Не менее странными и фантастическими были те перемены, которые дети видели из движущегося фургона. Так, однажды утром неизменная, недвижная, низкая темная полоса на горизонте вдруг исчезла, и еще до полудня они очутились среди скал и деревьев, у бурной реки. А через несколько дней рядом вдруг словно из-под земли вырос горный хребет, уходивший прямо в облака, и они были убеждены, что это и есть та темная полоса, которую они все время видели. Мужчины смеялись над ними и говорили, что вот уже три дня они пересекают эту темную полосу и что она еще выше, чем этот огромный, седой от облаков хребет, который она все это время скрывала от них! И Сюзи твердо верила, что все меняется в то время, пока она спит, потому что она всегда вроде бы «чувствовала, что они ползут наверх», а Кларенс, которому все было нипочем, как это свойственно в очень раннем возрасте, уверенно заявил, что они «вообще-то ни капельки и не поднялись». Потом похолодало, хотя уже наступило лето, и по ночам приходилось разжигать костер, а в палатке, где спала Сюзи, топили печку; а потом все это словно исчезло, и они снова очутились среди залитой солнцем, пересохшей от зноя прерии! И все это как во сне!

Более реальны были окружавшие их люди – казалось, дети знали их всегда, – и по невинной прихоти детского воображения они представлялись более подлинными, чем некогда были погибшие. Вот мистер Пейтон, которому, как они теперь знали, принадлежит караван и который так богат, что ему «незачем и ехать в Калифорнию, да охота пуще неволи, и ежели ему там понравится, он купит ее чуть ли не со всеми потрохами», да к тому же он юрист и «полисмен» – так Сюзи произносила слово «политик», – на заставе его величали «ваша честь» и «господин судья», и он может велеть «арестовать кого угодно», и всех зовет по имени; вот миссис Пейтон, которая слаба здоровьем и доктор предписал ей половину года жить на свежем воздухе «и не возвращаться в город, под крышу»; она решила удочерить Сюзи, как только ее муж договорится с родственниками девочки и выправит все бумаги!

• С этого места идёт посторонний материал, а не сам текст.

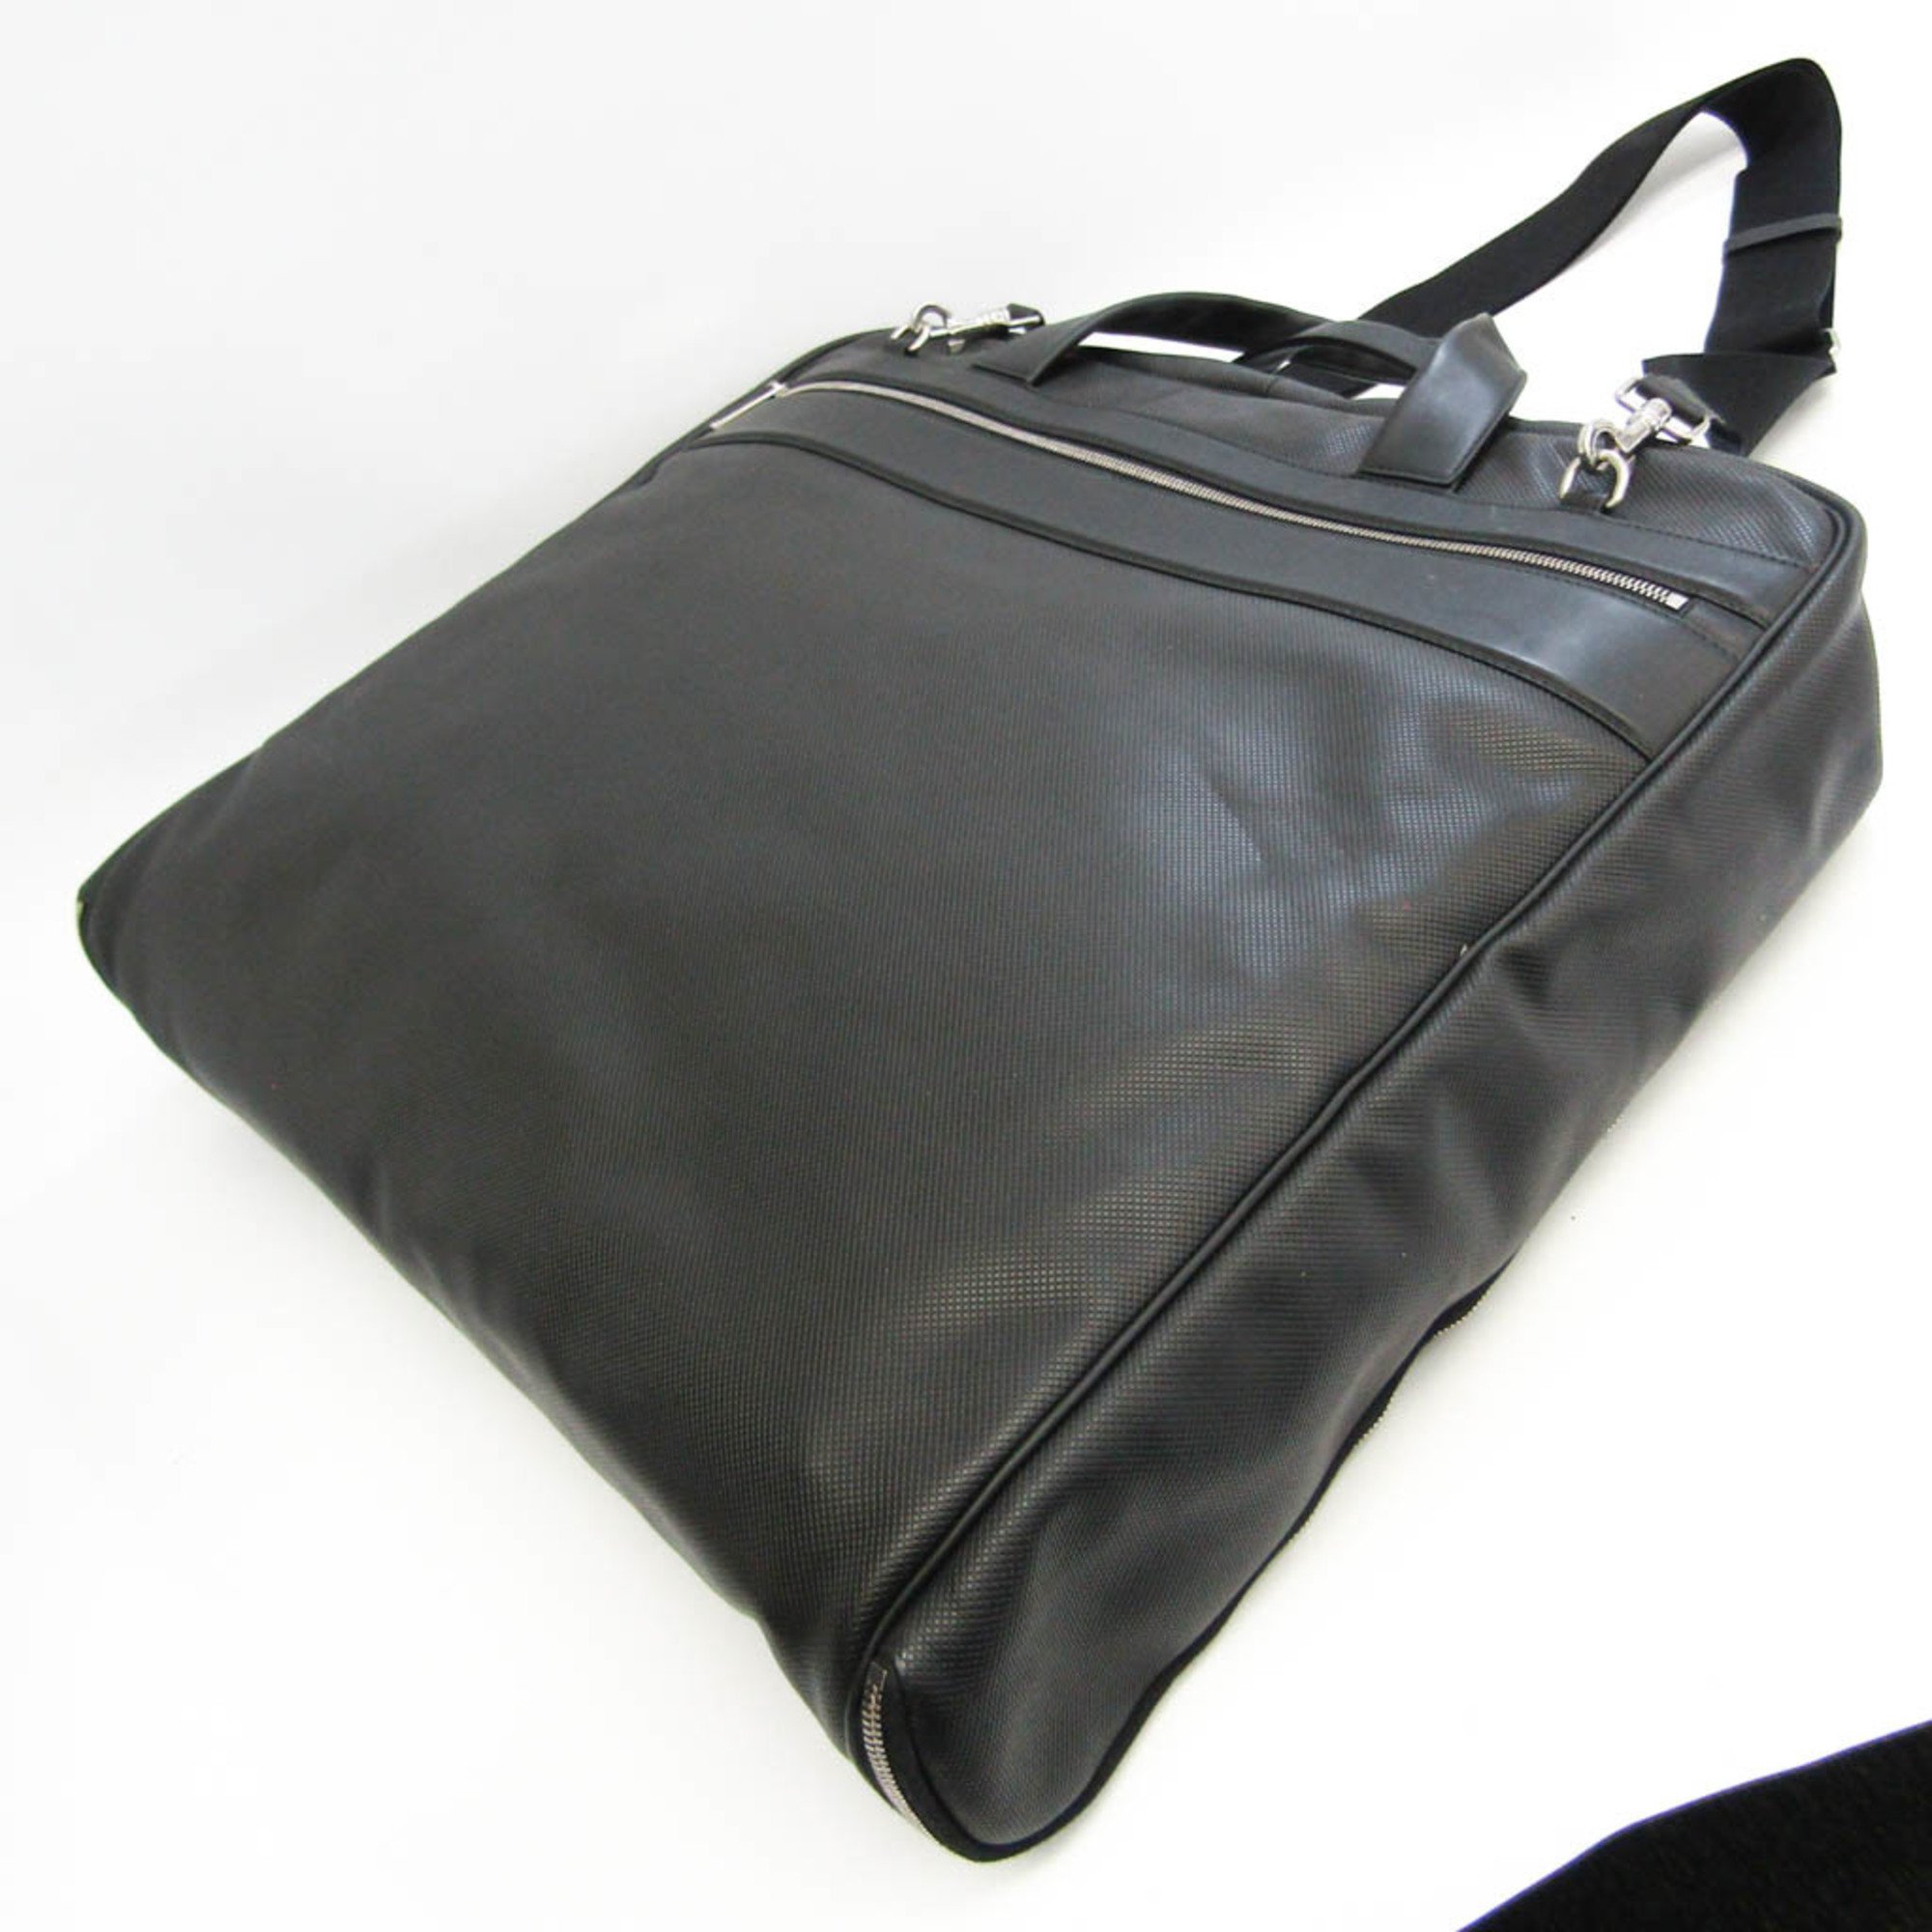 Bottega Veneta Bolsa Marco Polo Leather Large 573492 Men's Leather Handbag,Shoulder Bag Black

А Гарри, оказывается, – Генри Бенем, брат миссис Пейтон и что-то вроде компаньона мистера Пейтона. А разведчика зовут Гас Гилдерслив, или Белая Ворона, и только благодаря его мужеству удалось избежать нападения на их караван. А еще есть Билл, гуртовщик, и Техасец Джим, вакеро[3]3
  Пастух (исп.).


[Закрыть]
, которому нет равных в искусстве верховой езды. Так они узнавали своих спутников, слушая, что говорят в караване, и наблюдая их собственными неопытными глазами. Все они казались детям замечательными и важными людьми. Но то ли в силу детского любопытства, то ли из страха, что его принимают не за того, кто он есть на самом деле, Кларенса особенно привлекали двое, которые уделяли ему меньше всего внимания, – миссис Пейтон и ее брат Гарри. Боюсь, что, подобно большинству детей, да и некоторым взрослым, он меньше ценил ровное и доброе отношение мистера Пейтона и других, чем скупой знак благосклонности со стороны Гарри или снисходительную вежливость его сестры. Порой он и сам с горечью сознавал это и вбил себе в голову, что если бы он мог заслужить хоть слово одобрения у Гарри или улыбку миссис Пейтон, он отомстил бы за себя потом, убежав от них. Трудно сказать, сделал бы он это или нет. Ведь речь идет всего-навсего о неразумном, впечатлительном одиннадцатилетнем мальчике, о чьих чувствах можно с определенностью сказать лишь одно – что они переменчивы.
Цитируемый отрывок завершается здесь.